MacDonald’s “New Crime Wave” Deserves the Huff Award

Darrell Huff wrote a classic book in 1954: How to Lie With Statistics. Heather MacDonald’s argumentative column in the Wall Street Journal (May 29, 2015) predicting a new crime wave in our country would have been prime fodder for a chapter in Huff’s book.

Huff’s chapters offer object lessons in ways that journalists use statistics to confuse and deceive readers. MScreen Shot 2015-05-31 at 11.42.05 AMacDonald overstated the strength of the evidence she cited to support the purported crime wave. Worse, however, was her deliberate and systematic withholding of data, the erroneous conclusions based upon them, and the failure to note that researchers have not yet validated the effectiveness of the broken window theory (Kelling & Wilson, 1982).

Broken window theory assumes that crime and disorder, like ham and eggs, are inextricably linked. If a window in a house were broken and not fixed, it is assumed that more windows will be broken, whether the house is located in Watts or in West Palm Beach. The broken window represents a lack of caring, an invitation to break more windows. Thus, the failure of the police to arrest lawbreakers, regardless of the crime, invites committing more crimes. The strict enforcement of the law, however, subsequently results in fewer crimes. Similarly, the “Ferguson effect” refers to police officers “disengaging from discretionary law enforcement.”

MacDonald completely ignored the valuable lesson in Huff’s Chapter 3: “The Little Figures That Are Not There.” She provided multiple meaningless percentages; for example, “In New York, murder was up nearly 13%.” MacDonald repeated this same error 20 times—never providing “the little figures” corresponding to the given percentages.

What does it mean to state that burglaries in Walla Walla increased 25%? This percentage is meaningless without knowing the number of burglaries. Did burglaries increase from 8 to 10—or did they increase from 800 to 1,000, both increases of 25%? MacDonald offers readers only meaningless percentages—and conjectures instead of valid conclusions.

Chapter 3 in Huff’s book pointed out the inadequacy of using small samples to identify real (statistically significant) differences: “Sooner or later, by the operation of chance, a test group is going to show a big improvement worthy of a headline” (p. 38). Findings of the Rialto (California) study illustrate this flaw, research cited by advocates supporting the purchase of body cameras for police offices in Anaheim. This study reported > 50% reduction in the total number of incidences that included the use-of-force by Rialto police officers. The data: 17 incidences required the use of force were reported by police officers without cameras; 8 incidences were reported by police officers with cameras (p. 11). The Rialto study also reported that the number of annual homicides in the city were almost 50% more before Rialto police officers wore body cameras; During 2009-2011, homicides were “nearly 50% higher than the U.S. national rate per 100,000” (p. 5). In fact, during this period, the mean number of homicides was fewer than 7 per year.
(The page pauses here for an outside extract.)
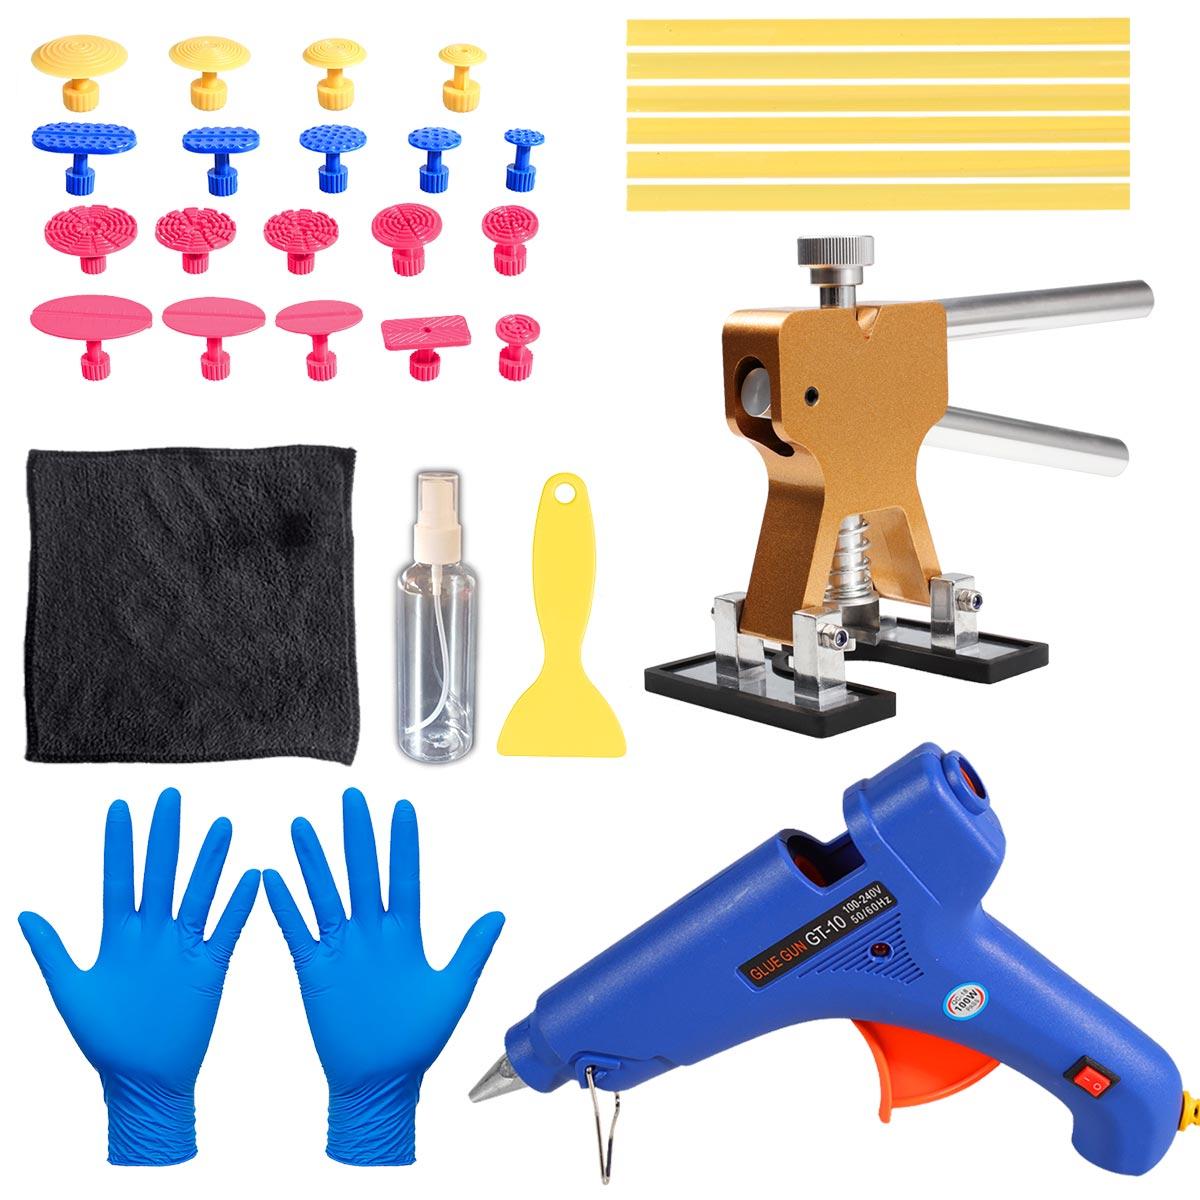 Paintless Repair Car Body Puller Tab Lifter Hail Removal Hand Tool Hot

MacDonald hedges her conclusion: “The nation’s two-decades-long crime decline may [emphasis added] be over.” This assertion is based upon spinning data, missing figures, and inventing implied facts; for example, “The most plausible explanation of the current surge in lawlessness is the intense agitation against American police departments over the past nine months.” Researchers have not yet established, as MacDonald asserted, that “broken windows policing, has saved thousands of Black lives, brought lawful commerce and jobs to once drug-infested neighborhoods and allowed millions to go about their daily lives without fear. “

Researchers (2014) at George Mason University reviewed the evidence for broken windows policing. The principal finding: “There is also no consensus on the existence of a link between disorder [broken windows theory] and crime, and how to properly measure such a link if it does indeed exist.” (A matrix that includes 130 studies of evidenced-based policing is here.)

MacDonald’s column is a must read—for figureless data, lack of evidence for assertions, and an object lesson in the deceptive use of statistics.

Disraeli was right: “There are three kinds of lies: lies, damned lies, and statistics.


  1. Nicely done.

  2. Congratulations to the Orange County Register (OCR) this second day of June. Plagiarizing The New York Times, the OCR copied and republished the following meaningless text and figures: “Police officers in Missouri were 75 percent more likely to stop black drivers than white drivers last year, and 73 percent more likely to search black drivers. . . . Nearly 27 percent of whites who were searched possessed something illegal [contraband], compared with 21 percent of blacks” (News, p. 6).

    The White population in Missouri (N = 5,093,760) constitutes 84% of the state’s population (N = 6,064,000); Blacks (N = 727,680) represent 12%. It is problematic whether Blacks in Missouri commit the disproportionate number of crimes each year that these data suggest. But neither The New York Times nor the OCR has provided readers with any meaningful data or useful information by printing only percentages.